Staffing levels may be related to problems with the quality of nursing home care. Low wages and the difficulty of the work make hiring and retaining qualified workers very hard, leading to high turnover rates and staff shortages. The future demand for long-term care services will likely outdo the supply of qualified workers to provide such services. Improving the workforce could be difficult without increased resources. (Netting) Higher payment does not ensure high quality, but payment rates can be too low to support adequate quality.
Policy makers have proposed expanding coverage of long-term care services for chronically dependent individuals through Medicare, by expanding Part A coverage of nursing facility services and providing for coverage of home care services under Part B. Alternatives for improving the current system include expanding the supply of home and community-based services, promoting the purchase of private long-term care insurance policies, developing programs that support informal family care giving, and integrating acute and long-term care services.
Better integration of care services, programs, and funding could increase access and improve the quality and efficiency of care. An example of such integration is the Program of All-Inclusive Care for the Elderly (PACE).

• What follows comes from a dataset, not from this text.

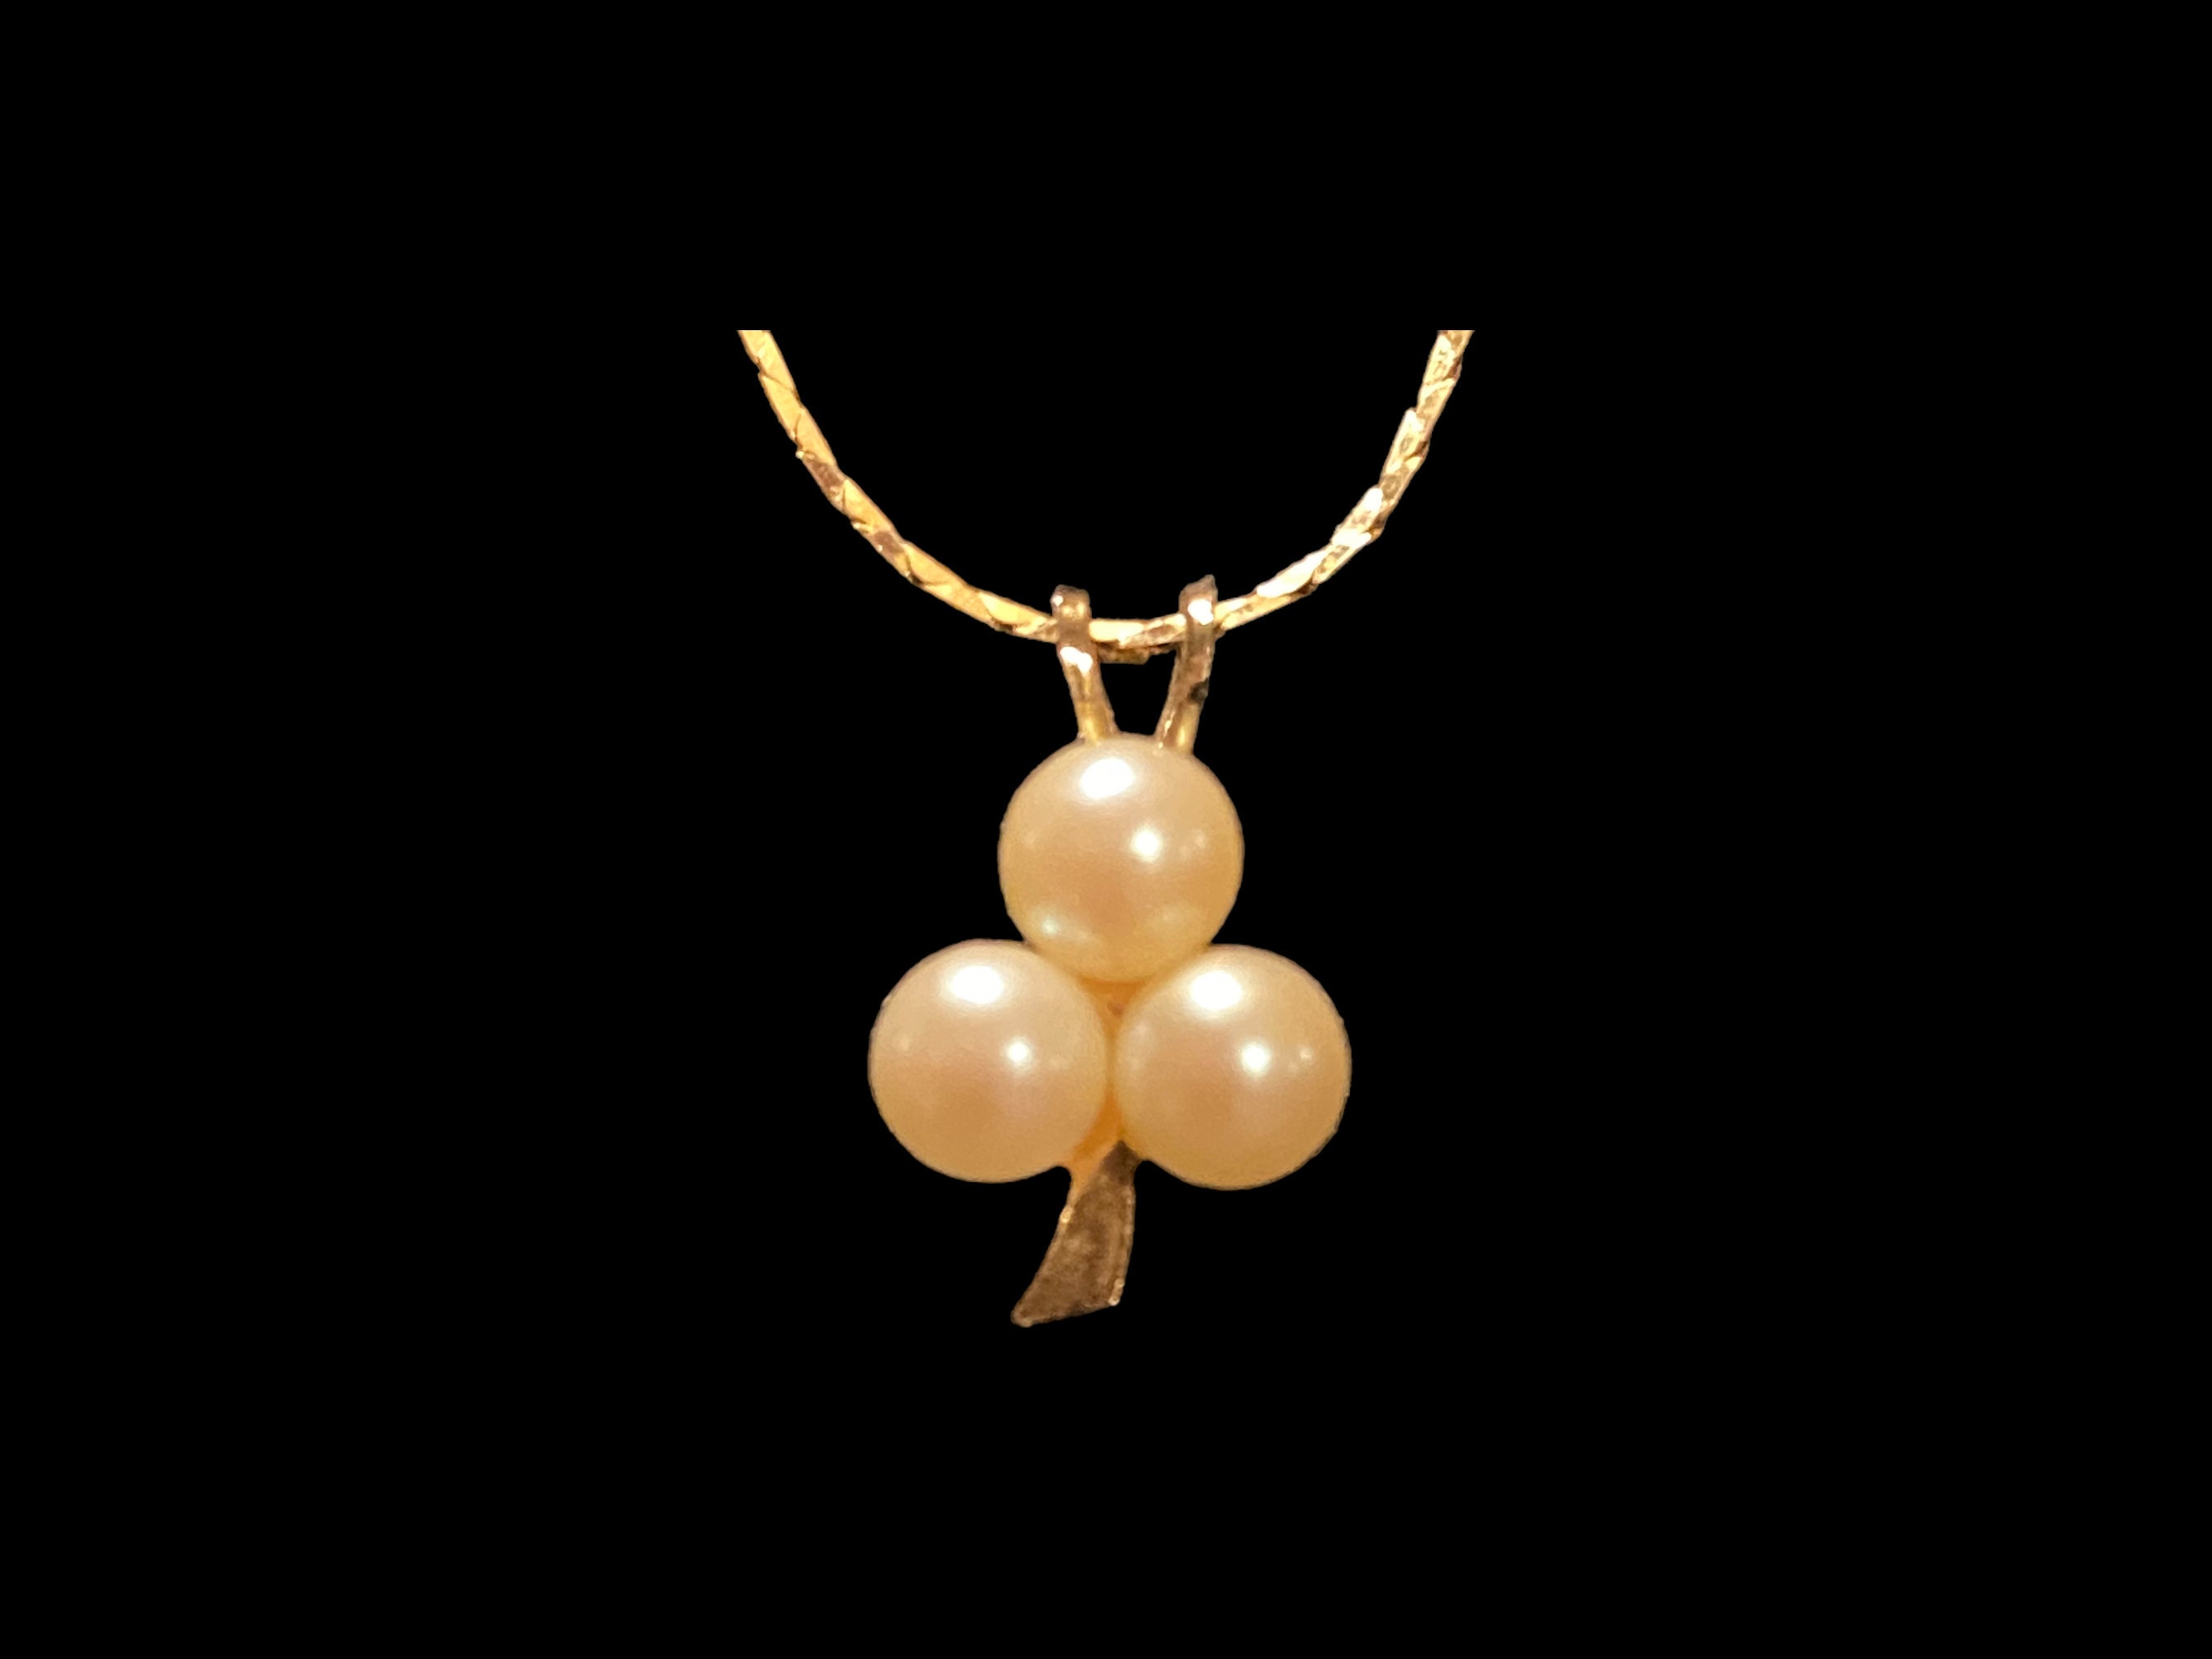 Limited Edition Pearl Necklace with Black Clover Design – Beady

PACE projects include a full range of acute and long-term care services, including all Medicare and Medicaid services made available by a state, to Medicaid-eligible individuals. PACE services are generally offered in an adult care setting, and can permit recipients to live at home rather than be institutionalized. PACE projects receive a fixed monthly payment per enrollee from Medicare and Medicaid. (Campbell)
An improved system of public and private financial support could ensure that all elderly and disabled Americans have access to quality long-term care. Several steps can be considered to improve the current system including: provide enhanced support to informal caregivers, improve the monitoring and measuring of home and community-based service quality, increase the supply of skilled long-term care workers and to reduce deficiencies in institutional care.